Hi Droy,
I’ll try to give some background to answer your question, but you might be better off just skipping to the references at the end, finding them and giving them a good read.
To calculate metabolite concentrations from signal amplitudes, you need to consider a few things.
First approximation is that the size of the signal is determined by the amount of the substance present - so more of metabolite X, gives a bigger signal for metabolite X.
Caveats, or adjustments to this approximation are that
- signal is also determined by the number of nuclei present in metabolite X, such that if metabolite X has 3 x as many nuclei of interest in its molecualr structure, it will give 3 times as much signal. (this is really just an extension of the more of somehting there is, the more signal you get rule, but at the level of the nuclei of interest, 1h, 31P etc.). Some metabolites will give rise to more than one peak, and you will need to know how many nuclei are giving rise to the peak you are fitting.
- relaxation properties also affect signal (T1 and T2 relaxation)
- spectral pattern, and the effects of J-coupling, can also impact the size of peak amplitudes - this is something to especially consider when using AMARES which just gives you amplitude, or area under the peak for the peaks you chose. As mentioned above some metabolites have more than one peak in their spectral pattern, and you will need to know how many nuclei are giving rise to the peak you are fitting, and if there are any other factors that could affect it.
- Any specific effects of the pulse sequence you are using (e.g. - are you using and editing pulse sequence - then editing efficency should be considered) - this is not likely to be an issue for MRS in the muscle.
Usually, factors 1 and 2 above are what most people consider when using AMARES for fitting, and is likely a good first approximation for work in the muscle.
So, more amplitude for X means more of X present - but how much? To get to this you need a reference signal of some sort, where the signal height:concentration ratio is known (or assumed). Usually this is acheived by using the signal of some metabolite wihtin the acquired spectrum, which has an known/assumed concentration. In brain MRS, this is usually unsuppressed water collected either just before, or just after the metabolite signals are also collected, although people may also use the total creatine peak (and just express the result as the ratio to creatine).

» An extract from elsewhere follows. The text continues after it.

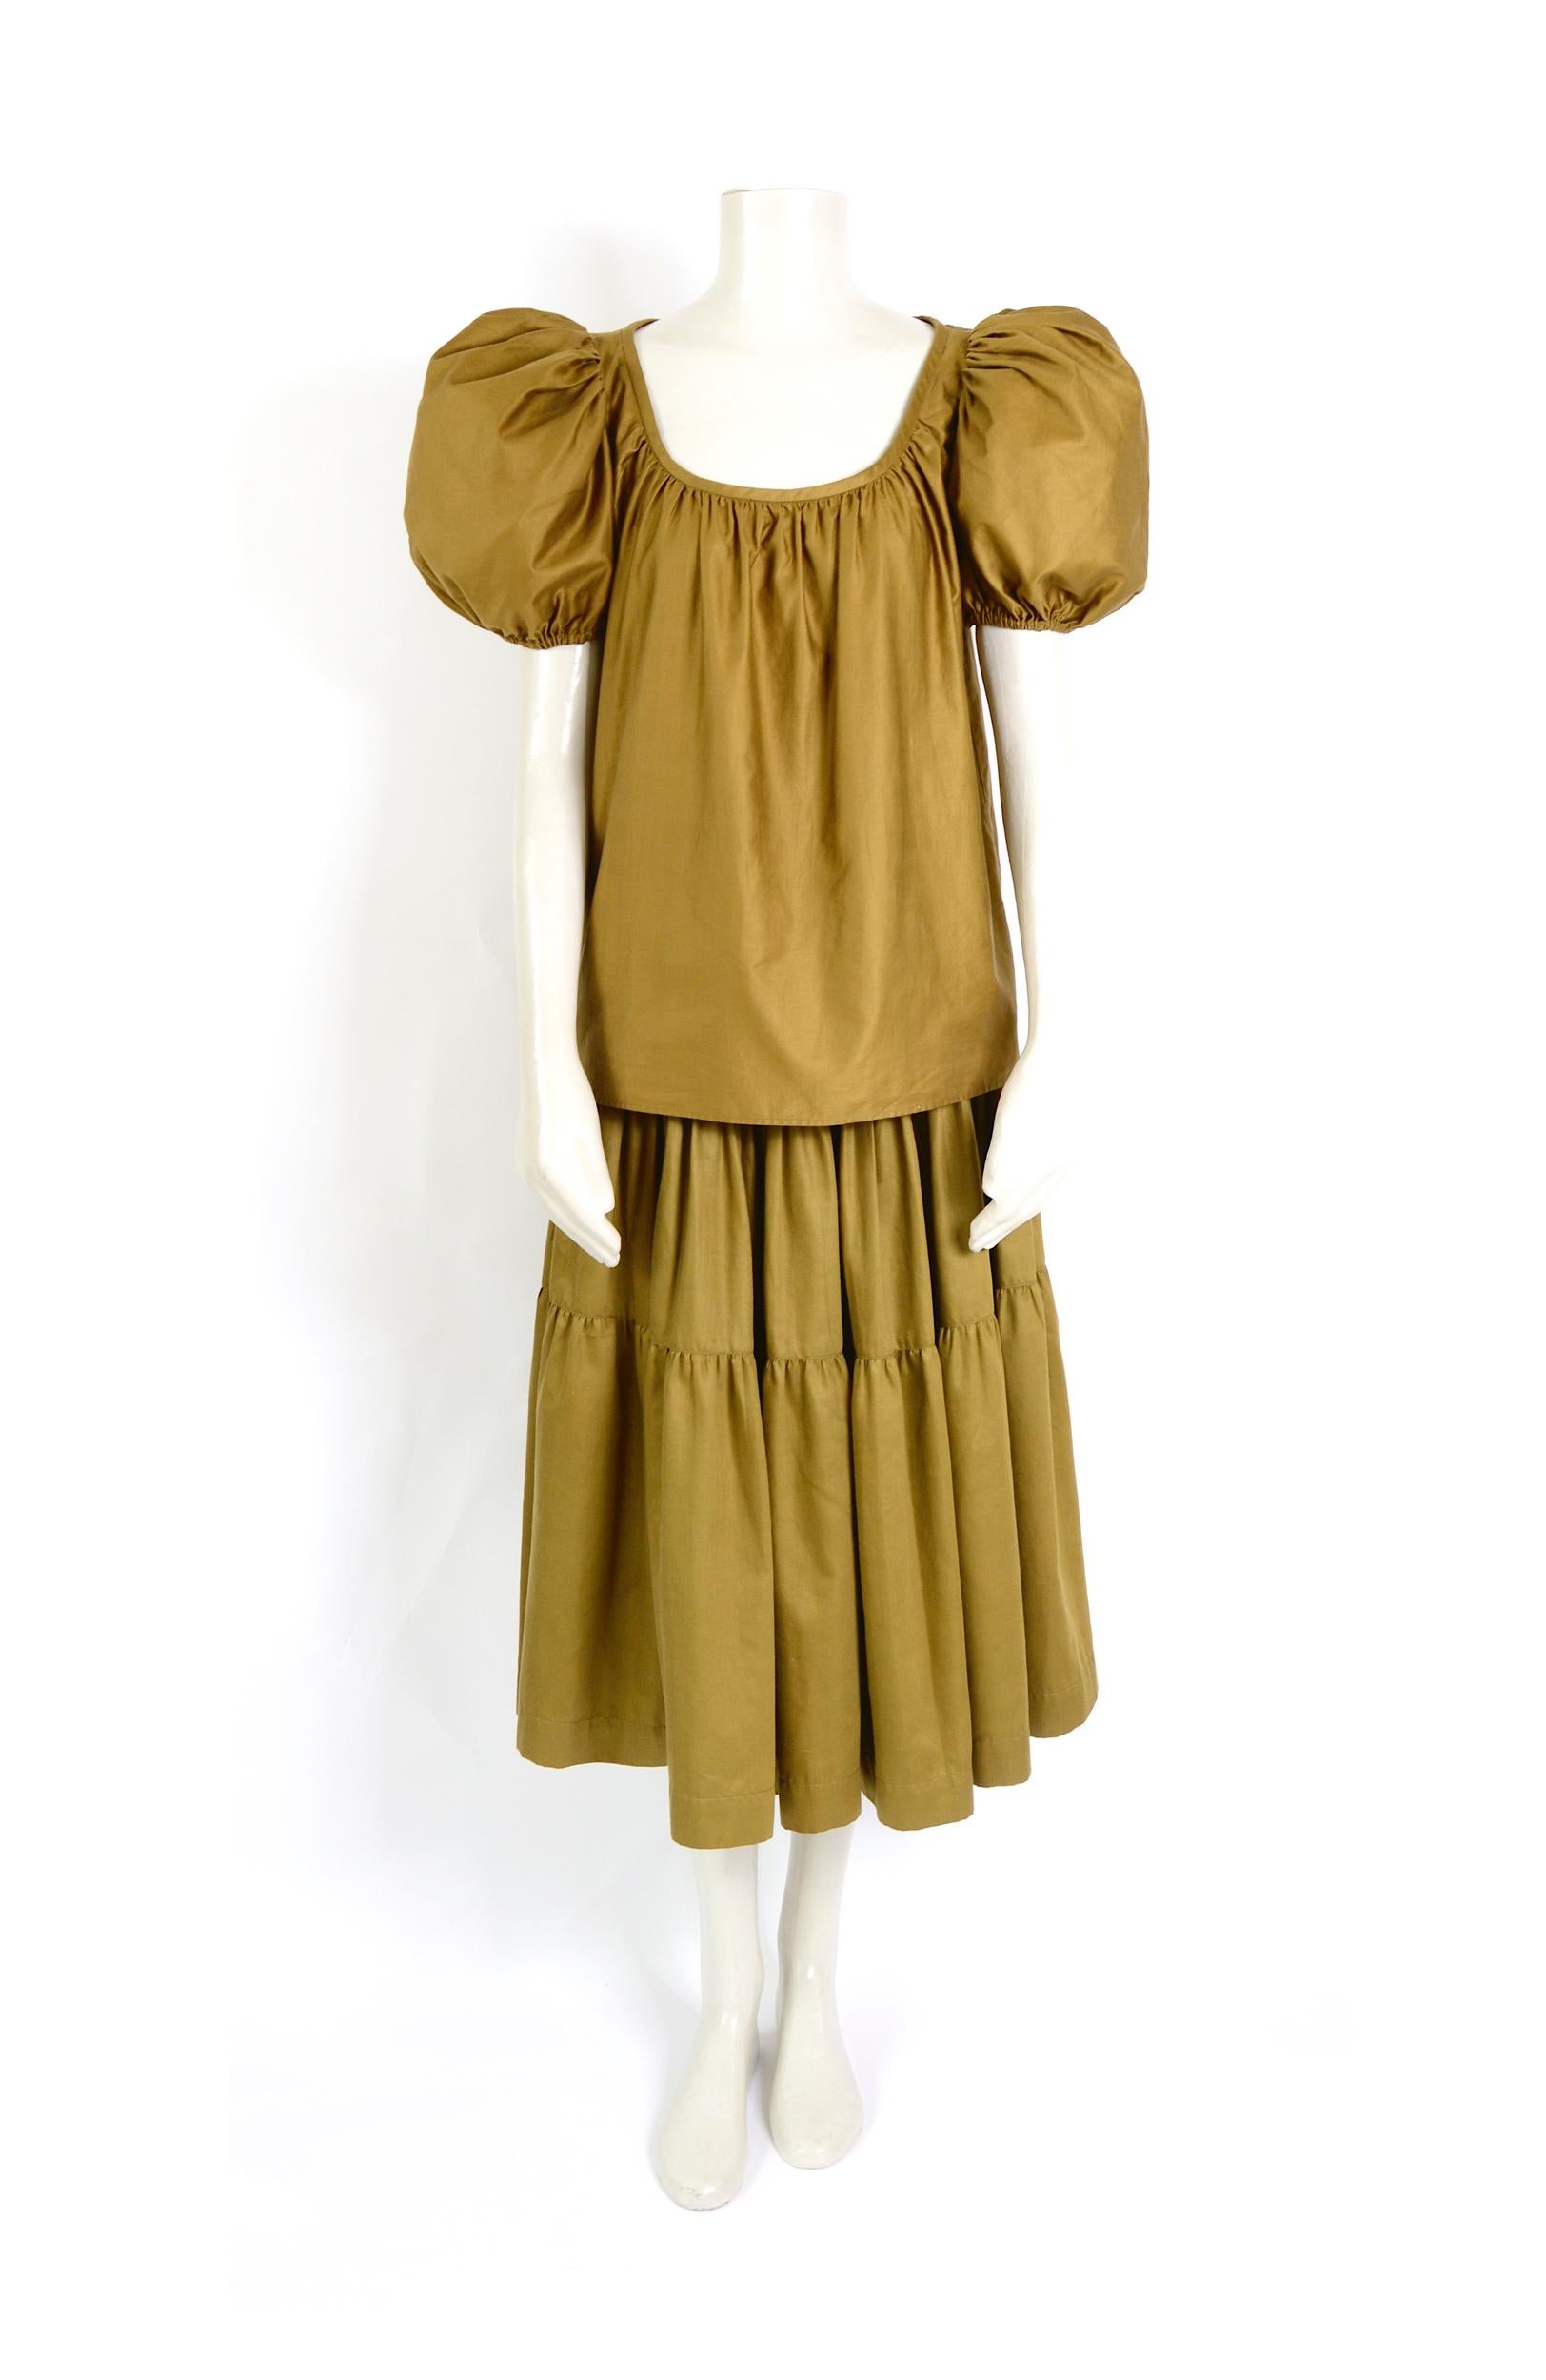 Yves Saint Laurent iconic 1970s vintage khaki cotton peasant top and skirt set 1

From the first aproximation:
[Met] = [Ref]X(SigMet/SigRef)
adding in the adjustments above
[Met] = [Ref]X((SigMet/#NucMet)/(SigRef/#NucRef))X(Relaxation correction factors)*
So, basiclally if you have a reference signal of known concentration, you can now work out your metabolite concentrations.
The problem you will have with your data is deciding if you actually do have a reference of known conentration in the spectra. Are you doing proton, or phopshorous (or other X nuclei) MRS? If phosphorous, ATP is usually used, with an assumed concentration of 8.2 mM. If Proton - I’m not sure what reference you want to use, but I use an unsupressed water scan.
*I’m not very good at using the forum tools to express these equations fully, so the above are somewhat abbreviated, for a good reference with more detail on brain MRS see:
Near, J., Harris, A. D., Juchem, C., Kreis, R., Marjańska, M., Öz, G., Slotboom, J., Wilson, M., & Gasparovic, C. (2020). Preprocessing, analysis and quantification in single-voxel magnetic resonance spectroscopy: Experts’ consensus recommendations. NMR in Biomedicine, n/a(n/a), e4257. https://doi.org/10.1002/nbm.4257
and for 31P MRS in Muscle see:
Meyerspeer, M., Boesch, C., Cameron, D., Dezortova, M., Forbes, S. C., Heerschap, A., Jeneson, J. A. L., Kan, H. E., Kent, J., Layec, G., Prompers, J. J., Reyngoudt, H., Sleigh, A., Valkovic, L., Kemp, G. J., & Experts’ Working Group on, P. M. R. S. of S. M. (2020). 31P magnetic resonance spectroscopy in skeletal muscle: Experts’ consensus recommendations. NMR Biomed, e4246. https://doi.org/10.1002/nbm.4246
Hopefully this is helpful, and not too confusing. (and don’t get too worried if it is confusing right now - it’s not you, it’s just a little complicated).